Question

An article in knee surgery sports traumatol arthrosc 'effect of provider volume on resource utilization for surgical procedures' (2005, vol. 13, pp. 273–279) showed a mean time of 129 minutes and a standard deviation of 14 minutes for acl reconstruction surgery at high-volume hospitals (with more than 300 such surgeries per year).

(a) What is the probability that your acl surgery at a high-volume hospital requires a time more than two standard deviations above the mean?
(b) What is the probability that your acl surgery at a high-volume hospital is completed in less than 100 minutes?
(c) The probability of a completed acl surgery at a high-volume hospital is equal to 95?

Answer 1

To find the probability that the ACL surgery at a high-volume hospital requires a time more than two standard deviations above the mean, calculate the z-score and use a standard normal distribution table or calculator. The probability is approximately 0.0228. To find the probability that the ACL surgery at a high-volume hospital is completed in less than 100 minutes, calculate the z-score and use a standard normal distribution table or calculator. The probability is approximately 0.019. The probability of a completed ACL surgery at a high-volume hospital taking 153.13 minutes or less is equal to 95%.

Step-by-step explanation:

To solve this problem, we need to use the properties of the normal distribution. First, let's calculate the z-score for two standard deviations above the mean:

z = (x - μ) / σ

where x is the observation, μ is the mean, and σ is the standard deviation. In this case, x = μ + 2σ = 129 + 2(14) = 157 minutes:

z = (157 - 129) / 14 = 2

Next, we use a standard normal distribution table or calculator to find the probability associated with a z-score of 2. The probability of a value being greater than two standard deviations above the mean is approximately 0.0228.

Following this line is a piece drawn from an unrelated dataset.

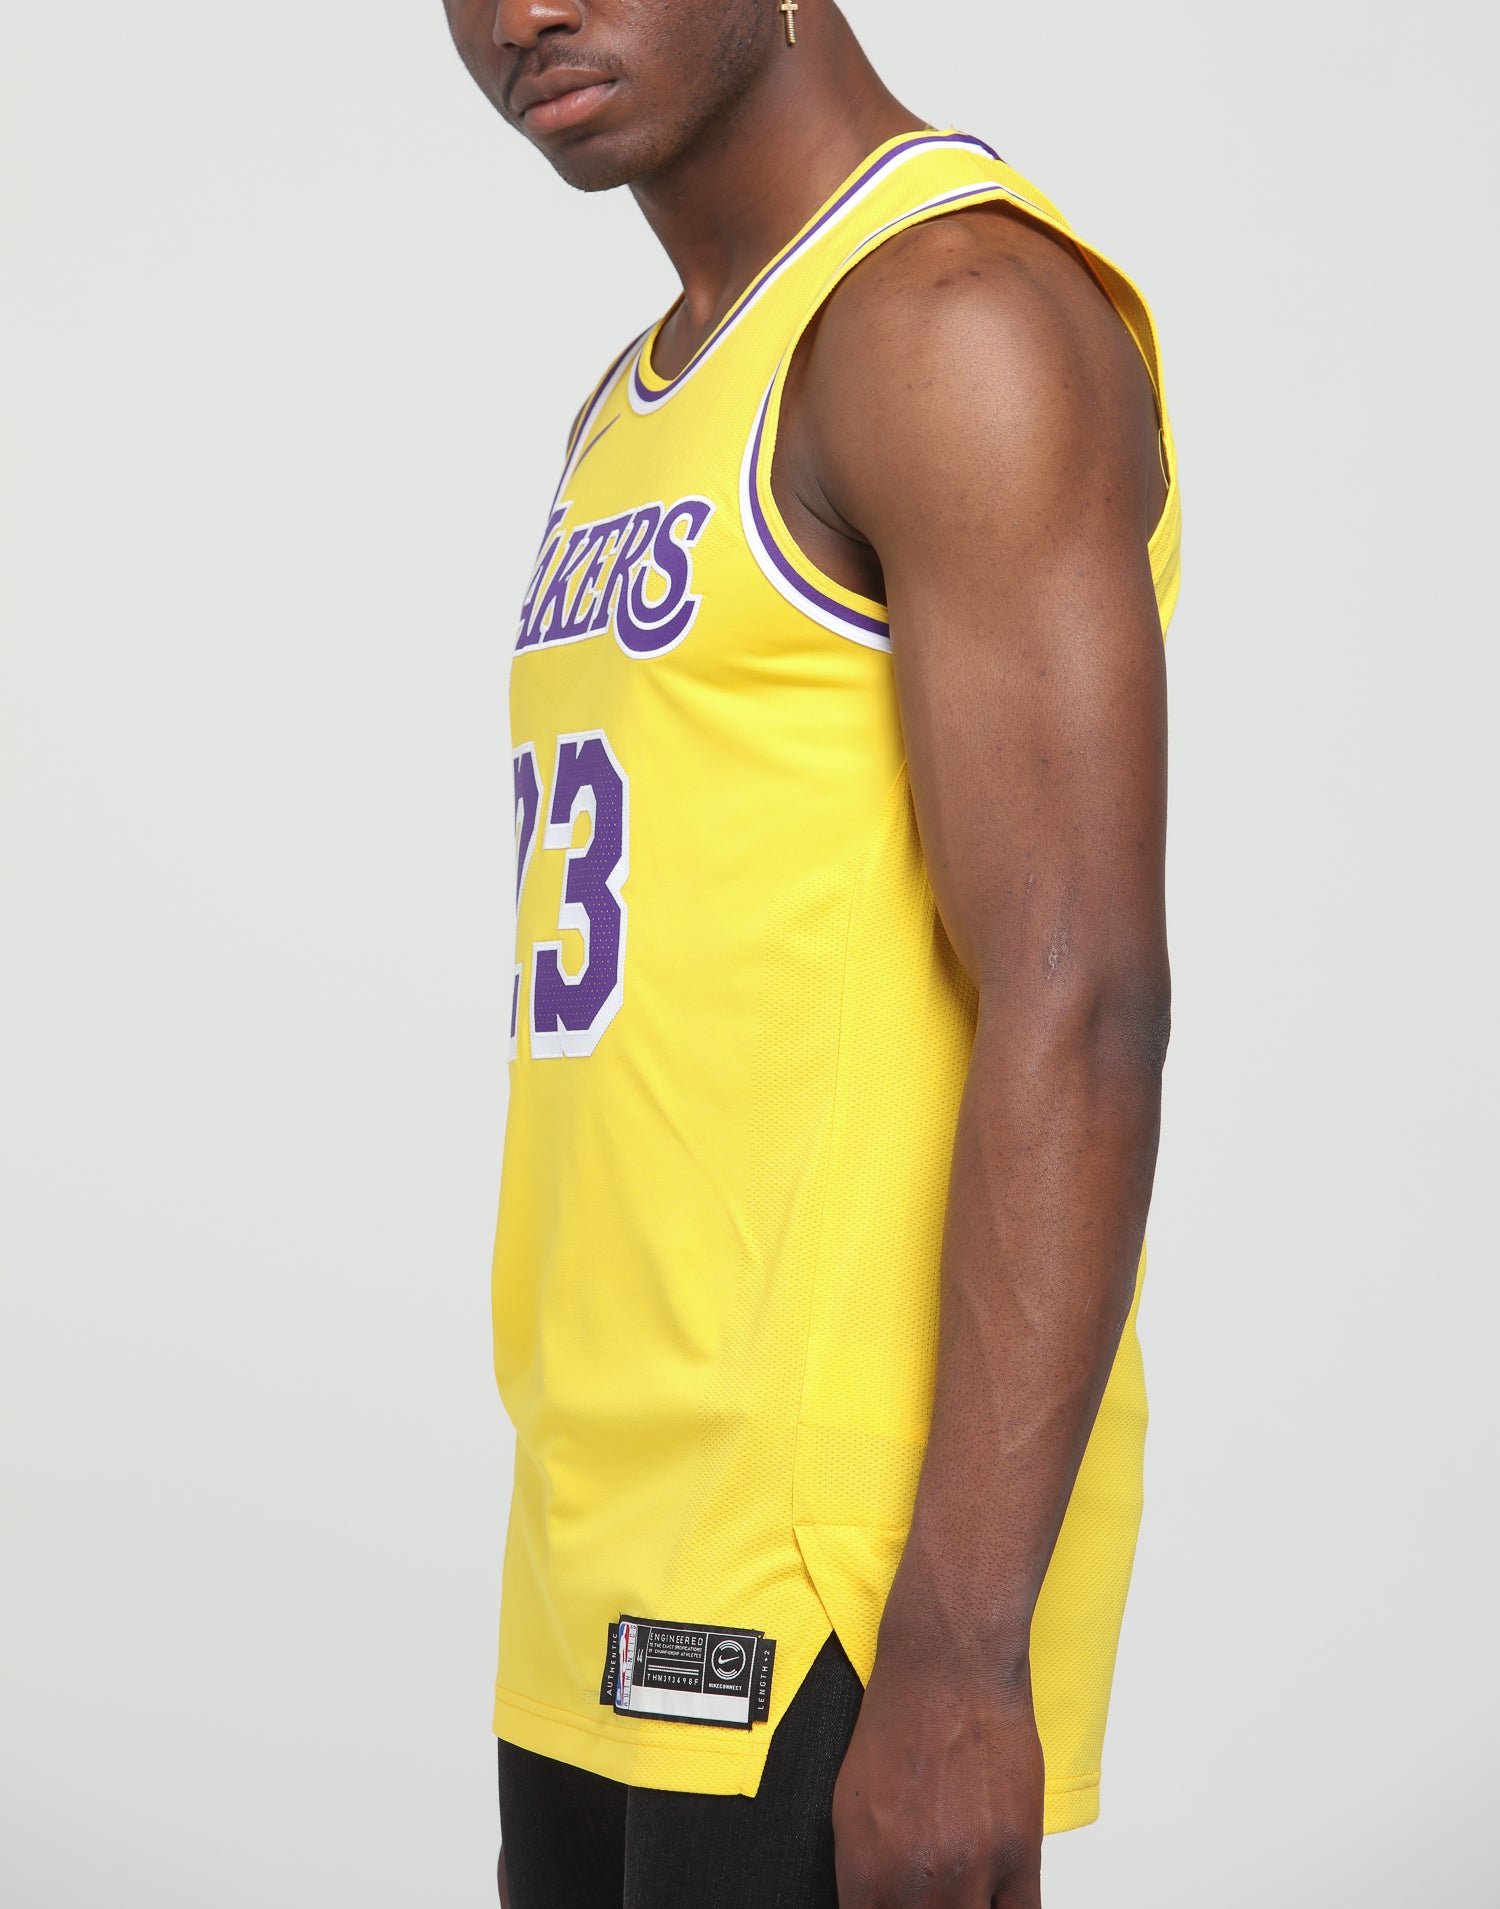 lebron lakers jersey official
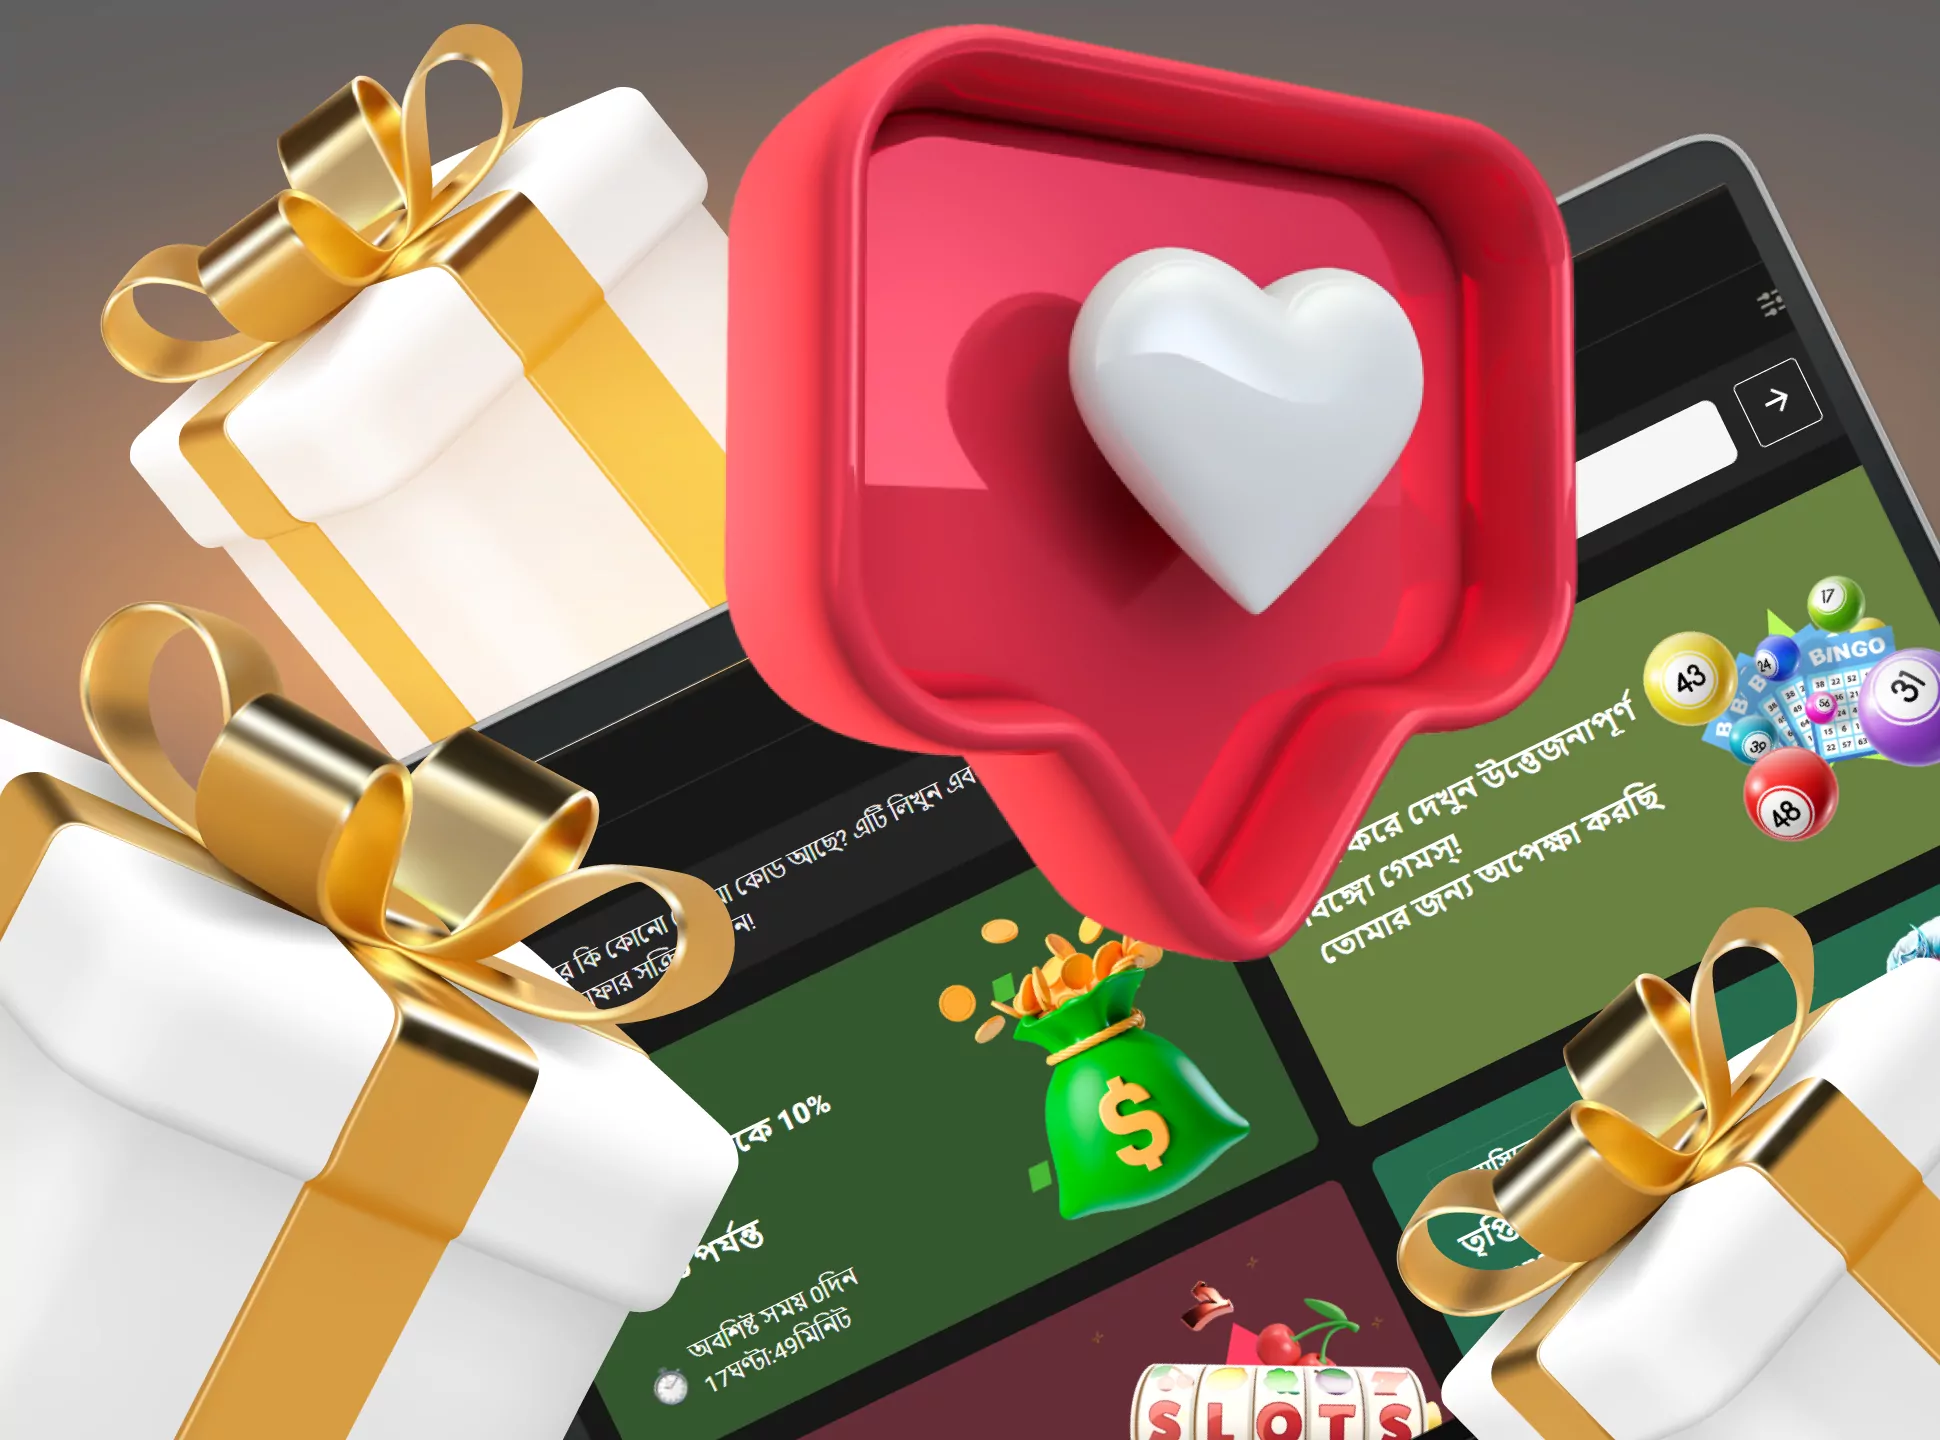 You can get real money from many mobile casino bonuses.

For part (b), we need to calculate the z-score for a time of 100 minutes:

z = (100 - 129) / 14 = -2.07

The probability of a value being less than 100 minutes can be found using the standard normal distribution table or calculator. The probability is approximately 0.019.

For part (c), we can use the z-score formula again to find the value of x that corresponds to a probability of 95%, which is located in the right tail of the distribution:

z = (x - 129) / 14

Using a standard normal distribution table or calculator, we find that the z-score for a probability of 95% is approximately 1.645. Substituting this value back into the equation:

1.645 = (x - 129) / 14

x - 129 = 1.645 * 14

x = 129 + 1.645 * 14

x ≈ 153.13

Therefore, the probability of a completed ACL surgery at a high-volume hospital taking 153.13 minutes or less is equal to 95%.